Citation: https://doi.org/10.5194/nhess-2021-253-RC1 -
AC3: 'Reply on RC1', Andrea Magnini, 28 Jan 2022
Dear Dr. Caterina Samela,
We would like to thank you very much for your comments and suggestions. Your help is strongly appreciated, and we believe it will significantly contribute to the improvement of our manuscript.
In the following points, we address your major comments:
- Reviewer: Terminology: “flood hazard” maps is a terminology more appropriate to maps derived by hydrologic/hydraulic simulations. Topography-based (hydrogeomorphic) maps are generally termed in literature as flood-susceptibility maps, or flood-prone areas map or floodplain maps (see e.g. indersson, S., Brandimarte, L., Mård, J., and Di Baldassarre, G.: Global riverine flood risk – how do hydrogeomorphic floodplain maps compare to flood hazard maps?, Nat. Hazards Earth Syst. Sci., 21, 2921–2948, https://doi.org/10.5194/nhess-21-2921-2021, 2021.)
Authors: Thank you for pointing out our misleading terminology. We will revise our manuscript thoroughly according to your useful suggestion. - Reviewer: One of the most important issues addressed in this work is the estimate of the water depth, a parameter of fundamental importance especially for estimating expected flood damage. Compared to the large number of published studies on the delineation of the areal extent of flood hazard areas, in the literature there are fewer studies concerning the estimation of water inundation depth with simplified methods. This is an added value of this work. However, since DEM-based methods find their primary purpose in applications in data-scarce environments (although not exclusively), it is perhaps worth because while reference data to calibrate the classification problem are often available also in these contexts, on the opposite flood hazard map providing water depth values (to use for calibrating the regression problem) are more difficult to find. In addition, this data should be characterized by good accuracy to train a simpler but reliable model based on it. I think a consideration on this aspect can find a place in the manuscript.
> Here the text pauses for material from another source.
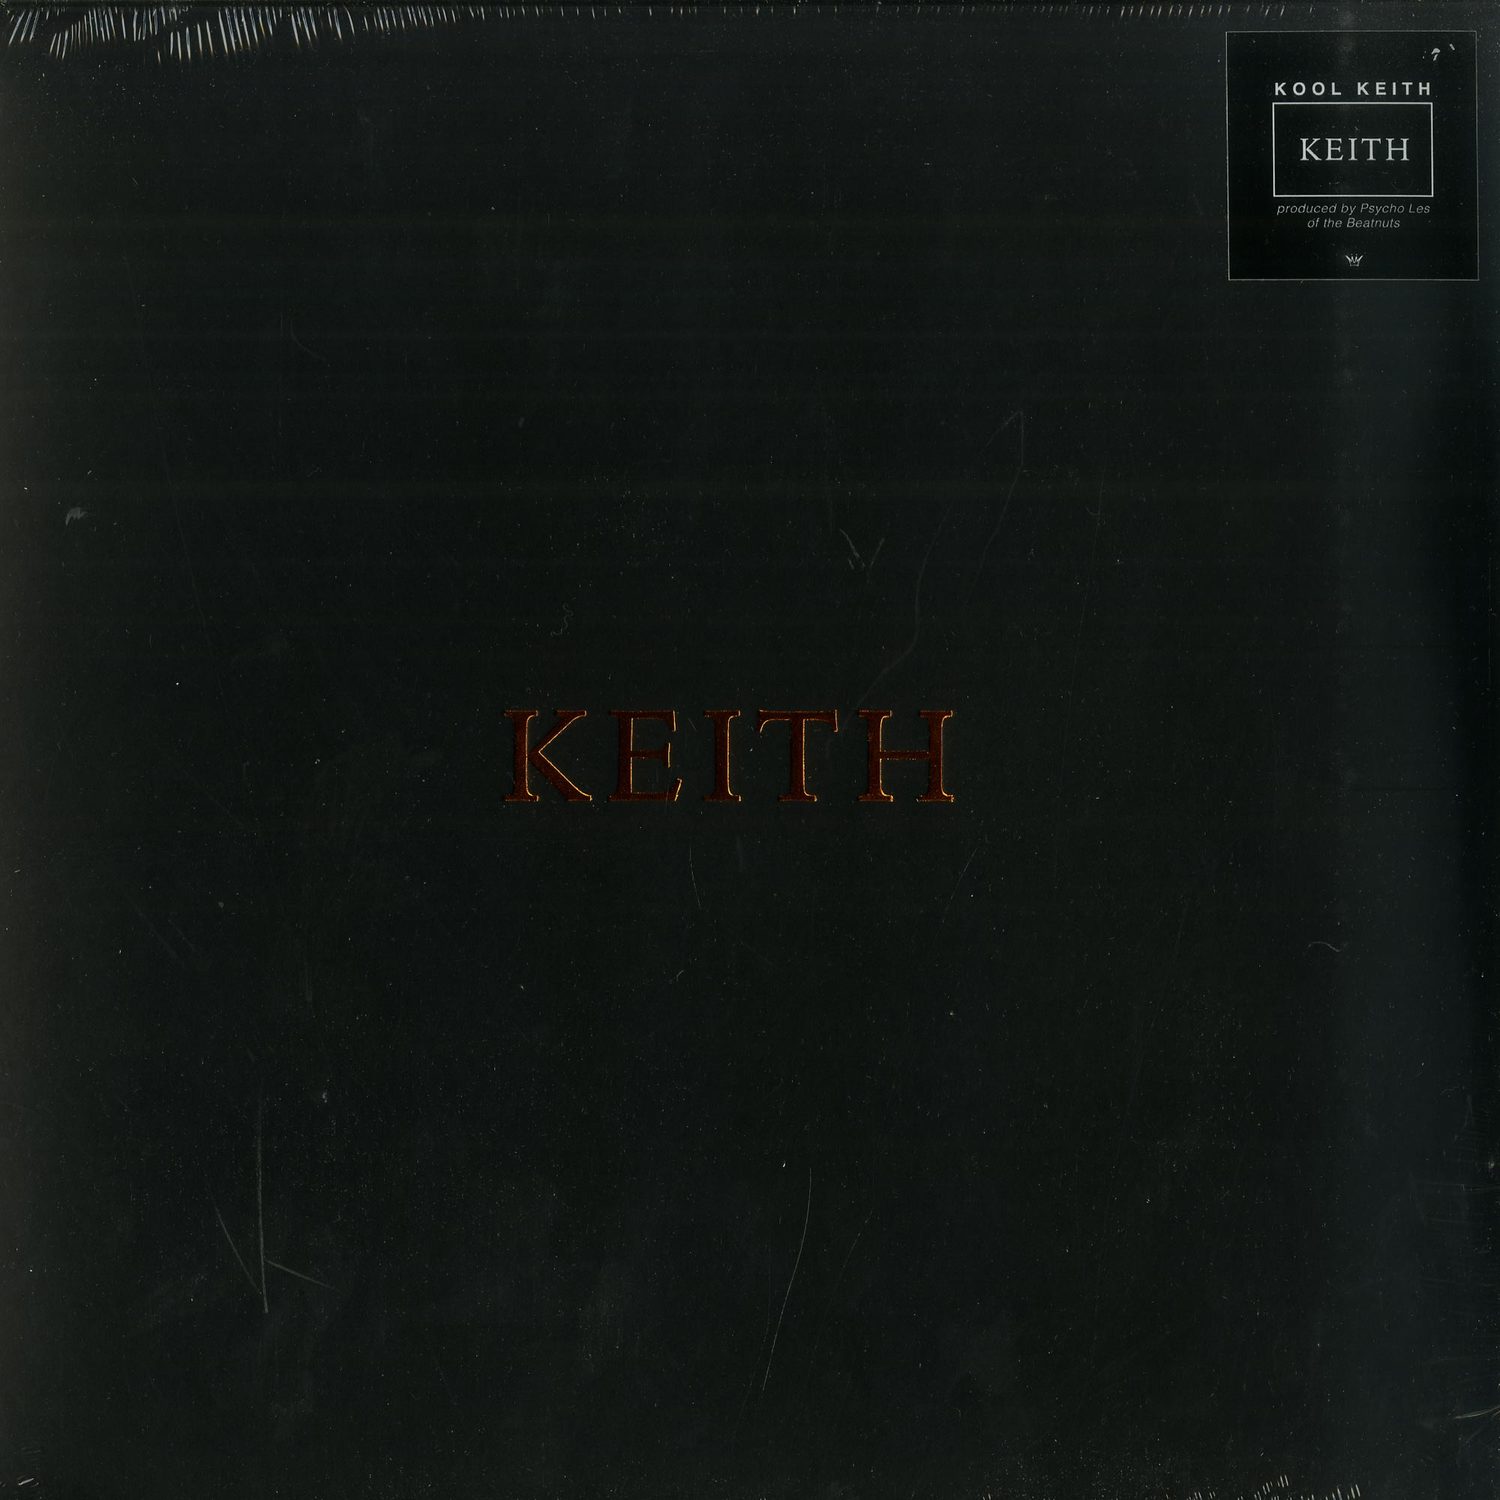 Kool Keith - KEITH 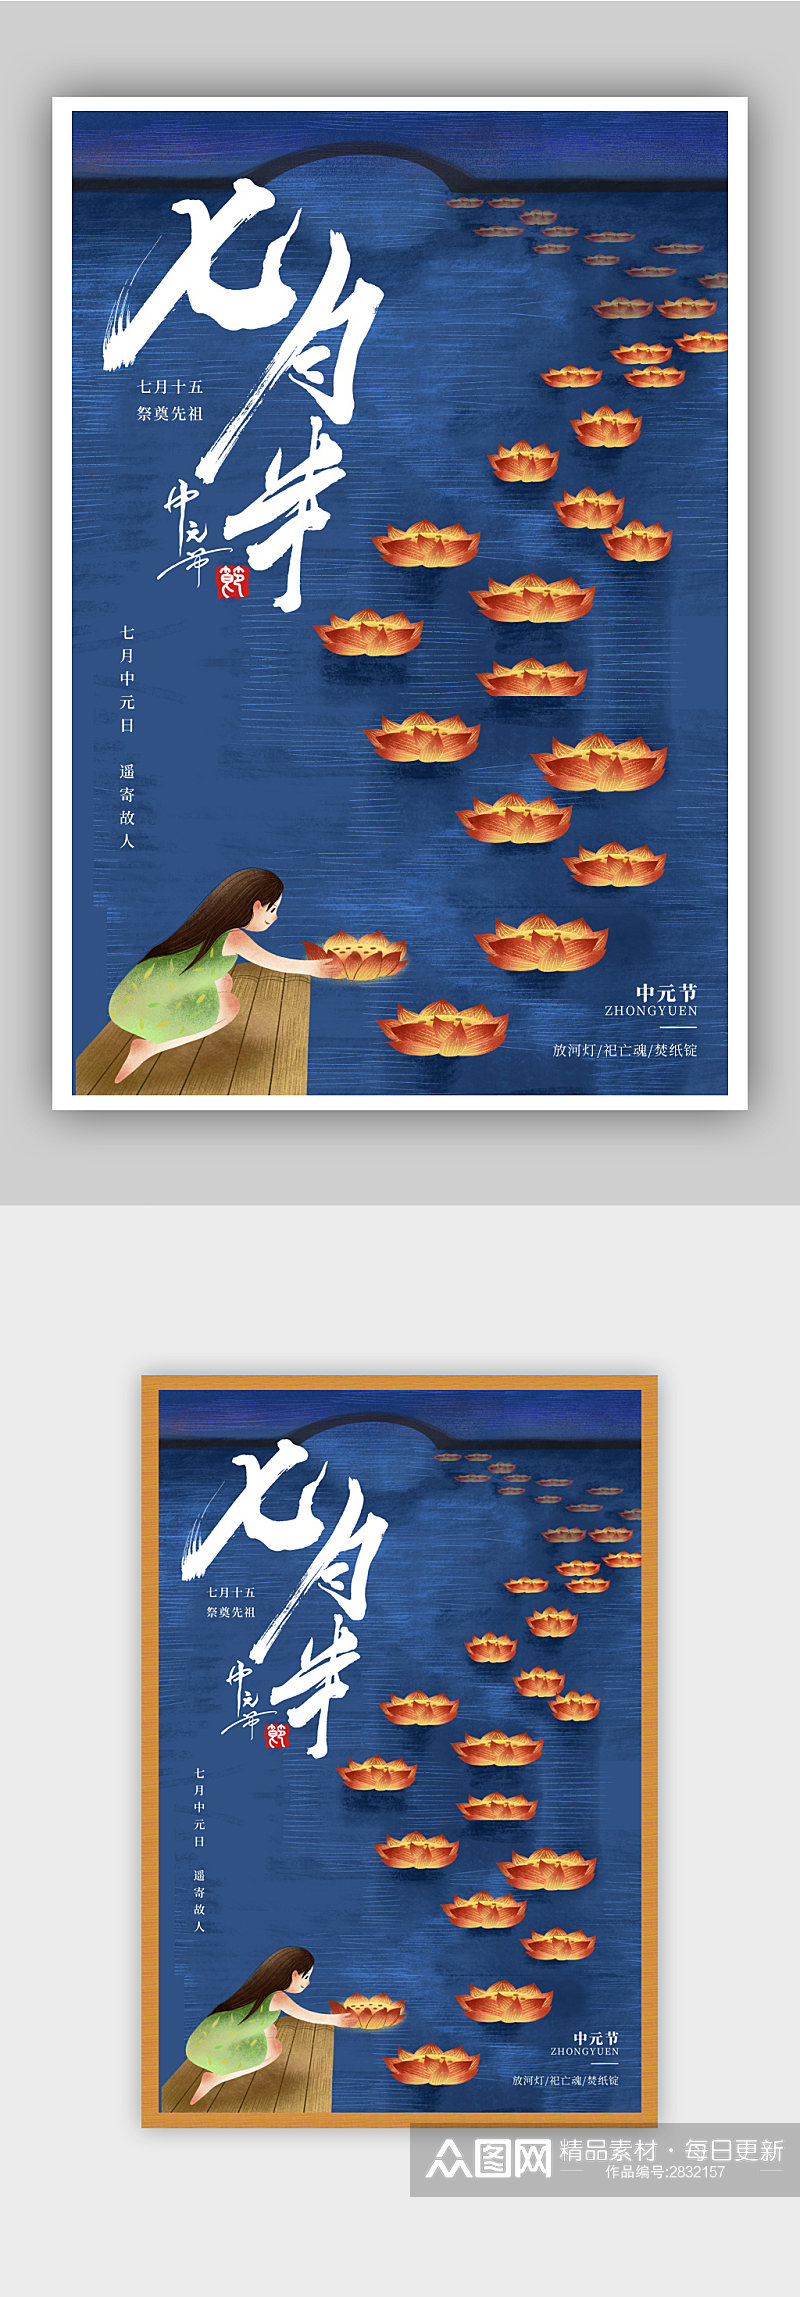 中国传统节日中元节海报设计素材

Authors: This observation focuses on a particularly important aspect of our work that we did not address in detail. Indeed, predicting the expected maximum water depth is more complex than delineating flood-prone areas, and this requires more accurate data to effectively train machine learning algorithms. A possible solution to the application of our approach to data-scarce environments is to use the outcome of continental/global studies, when they are available (see e.g. the dataset provided by the Joint Research Centre at 25 m resolution at global scale; this dataset, that is the one we used to train our models, should be sufficiently reliable to train and validate machine learning algorithms, even if it does not consider –as in our case study- watersheds with lower extension than 500 km2), or the outcomes of detailed hydraulic studies in specific portions of the study region, again, where and when available. As suggested by the reviewer, we will include some considerations on this truly relevant issue, by revising the introduction and discussion sections.
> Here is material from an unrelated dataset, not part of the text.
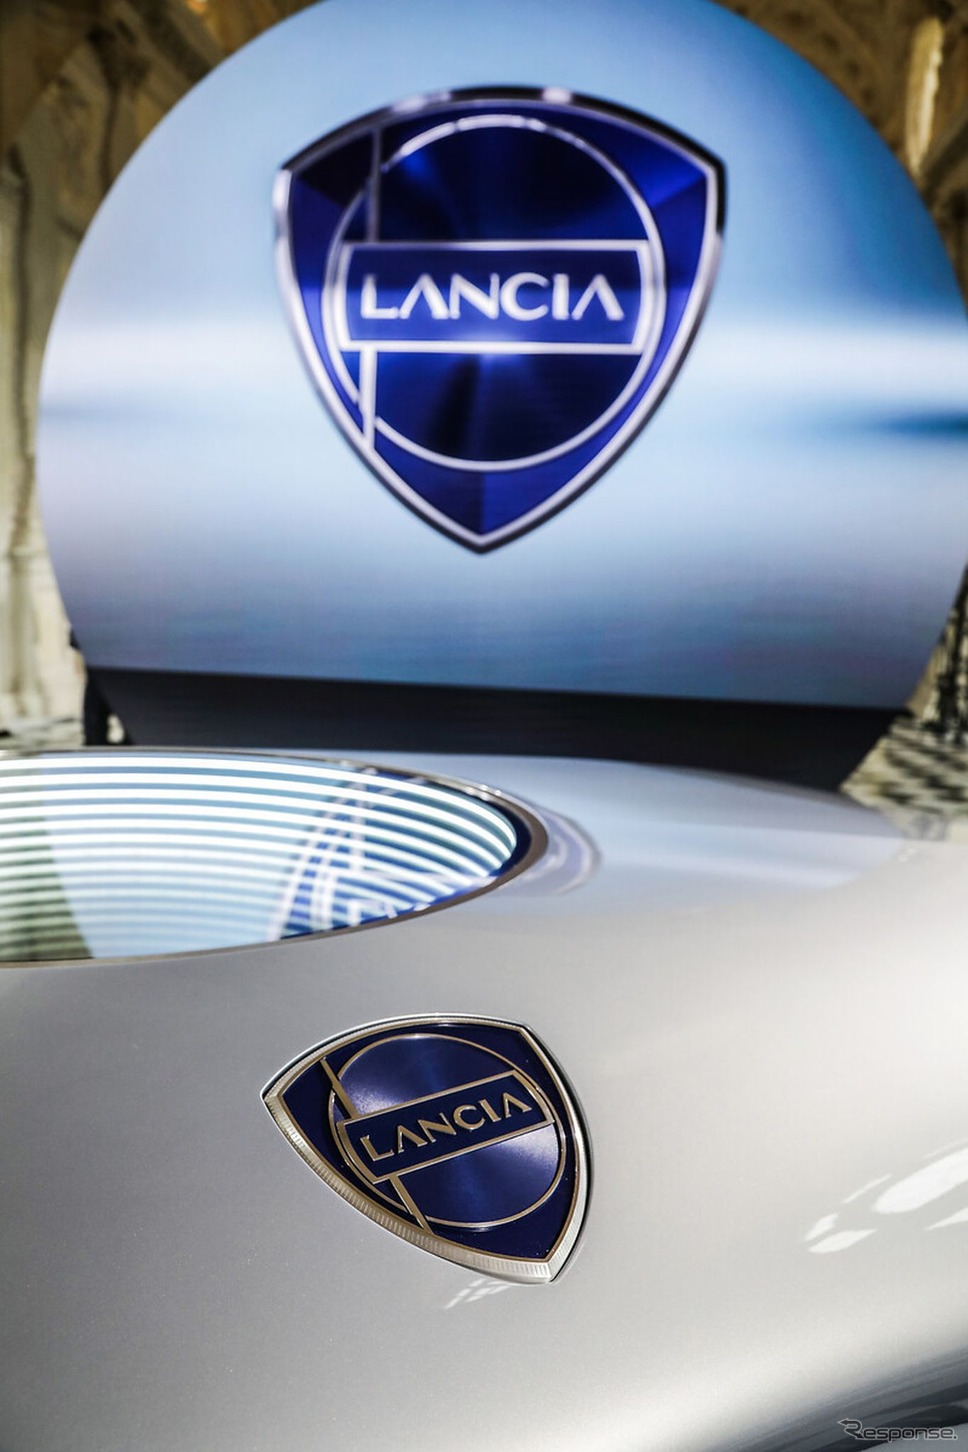 ランチアの新しいロゴマーク《photo by Lancia》

- Reviewer: I wonder about the choice of identifying the calibration area by setting a constant-radius buffer. In this study, testing the performance outside of calibration areas is part of the application, so it was possible for authors to perform a sensitivity analysis on the accuracy obtained with different buffers. However, readers who want to apply the methodology with no possibility to validate the results (e.g. in poor data environments) are left without guidance on how to set this constant buffer. Here, in the same work for the same study area, two different buffer values are considered the best for the two reference maps (2 km for the 500-years PGRA flood hazard map, and 5 km for the JRC 100-years flood map). Instead, a topographical-hydrological criterion (e.g. the one used by Degiorgis et al., 2012) offers the possibility of being adopted and re-applied in any context, responding at the same time to the characteristics of the study area and of the available reference map. This consideration does not influence the relevance of the investigation and the interesting results obtained, but is made thinking about how to replicate the study in different case studies.
Authors: The point highlighted in this comment is truly relevant, and we are pleased to have the occasion to elaborate further on it, while revising our manuscript. During our research, several experiments have been performed trying different calibration areas, that can be divided into two groups: the first consists of the merger of all the elementary basins (i.e. hydrological units that drain directly into an elementary stretch of the river-network) that are entirely or partially included in the target flood-prone areas; the second consists of the areas within a fixed buffer around the target flood-prone areas. Testing these alternatives, i.e. training our classification models on these two alternative calibration areas, we observed the same performances of the trained models, as opposed to an enormous difference in terms of computational effort for defining the calibration areas associated with the two techniques (i.e., buffering the target map is computationally more effective). For this reason, further analysis has been conducted with a fixed buffer calibration area.
The same approach to define a specific area to calibrate the models has been proposed and used by Tavares Da Costa et al. (2019), who used a fixed buffer of about 1 km around the flood-prone areas of the target map, and named this as “classification area”. The approach by Degiorgis et al. (2012) is remarkably similar, as they considered for the training just the pixels within flood-prone target areas and their conterminous.
During our research, we observed that the choice of the radius for the calibration buffer has some influence on the results, and, it needs to be large enough to enable the model to recognize non-flood-susceptible pixels. Also, as stated in the manuscript, different radius can perform differently depending on the target map being considered.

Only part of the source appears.